Like many Americans of a certain age, WBUR producer Alex Ashlock remembers key details of Nov. 22, 1963, the day when President John F. Kennedy was shot.
As an eight-year old boy growing up in Durham, N.C., he recalls being glued to television news coverage of the assassination.
“I’m old enough to remember what happened on Nov. 22, 1963,” Ashlock said. “I followed the coverage all weekend long.”
Now, 50 years later, Ashlock is planning a special broadcast of WBUR’s Here & Now that will incorporate “close to real time” coverage of the assassination. Since the midday show is produced live during the same window in which the shooting occurred, the Nov. 22 edition will feature live, breaking news cut-ins and interviews with experts, as if the Kennedy assassination was happening today.
The symmetry between Here & Now’s broadcast window and the timing of the historic event inspired Ashlock to mix simulated coverage into the regular broadcast.

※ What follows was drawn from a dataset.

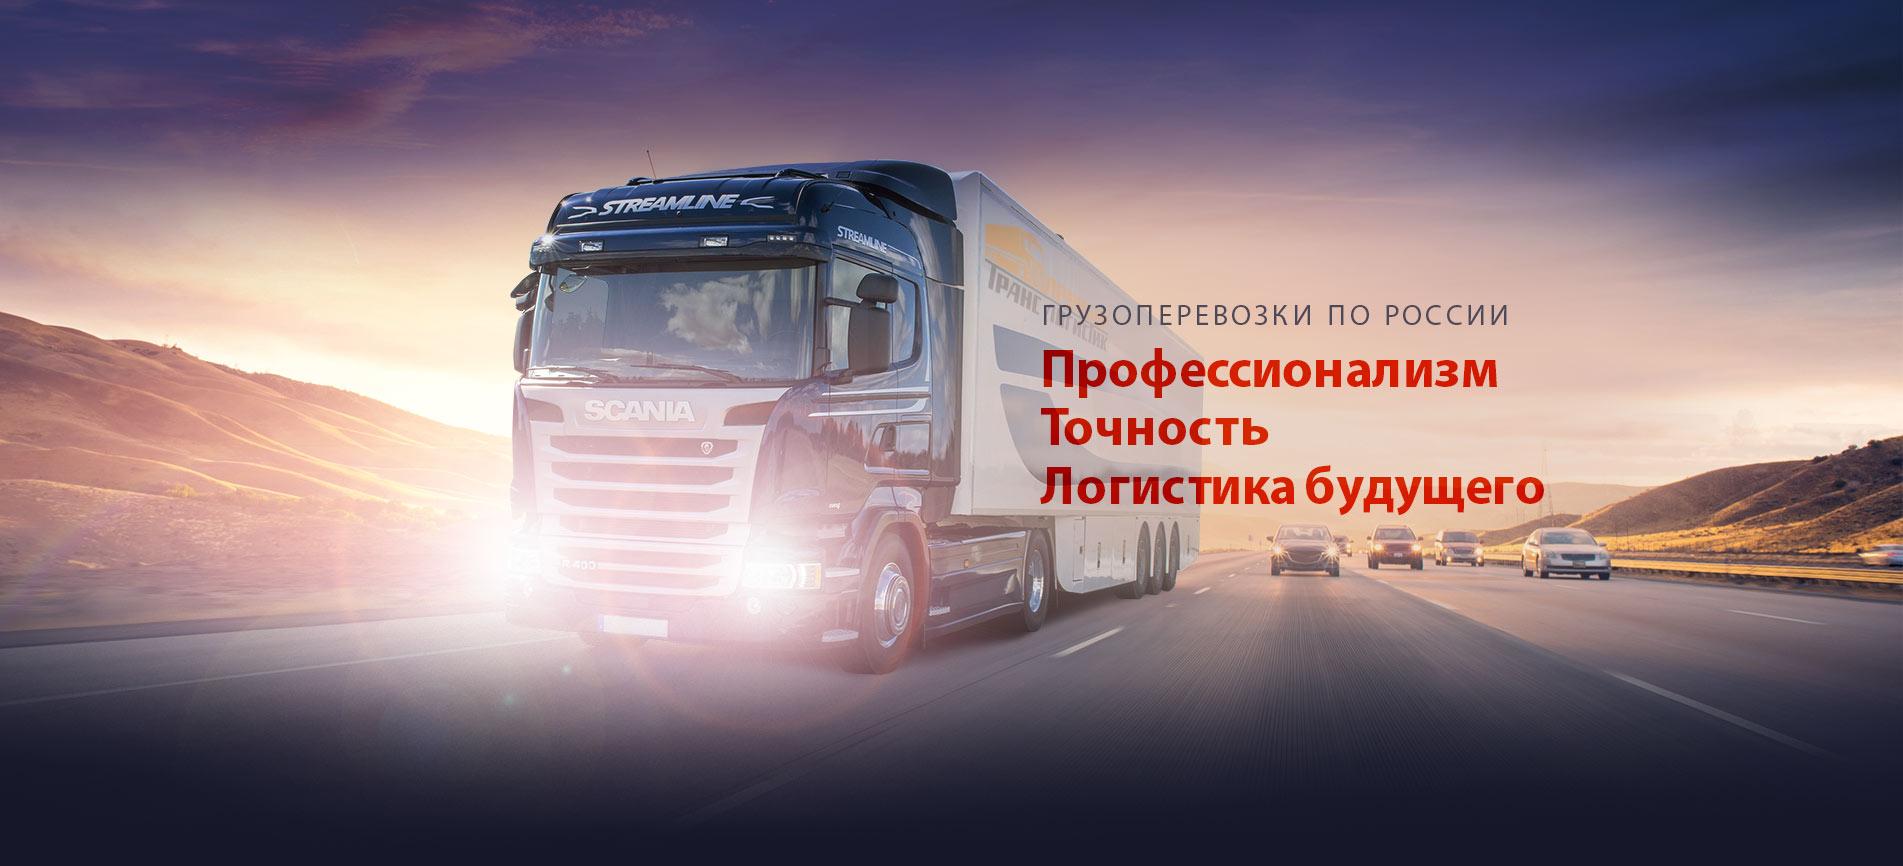 Транс лидер транспортная компания отзывы

Experts lined up to provide commentary include Larry Sabato of the University of Virginia’s Center for Politics, author of The Kennedy Half Century: The President’s Assassination And The Lasting Legacy of John F. Kennedy. Steve Gillon, a history professor with the University of Oklahoma and an expert on Lee Harvey Oswald, will also appear. And WBUR tapped Boston University’s Thomas Whalen, a social sciences professor, to describe the political backdrop to Kennedy’s trip to Texas during what was his re-election campaign.
WBUR and NPR, which co-produces the series under a new partnership that began in July, are offering the two-hour special broadcast for free to stations that don’t normally carry it.
Here & Now is carried on more than 368 stations, to the show’s website.
This isn’t a new idea.
CBS successfully did the idea of re-creating historic events as if they were live news broadcasts in the 1950’s (and revived it for a couple of years in the early 1970’s) on “You Are There”, both version of which which were hosted by Walter Cronkite.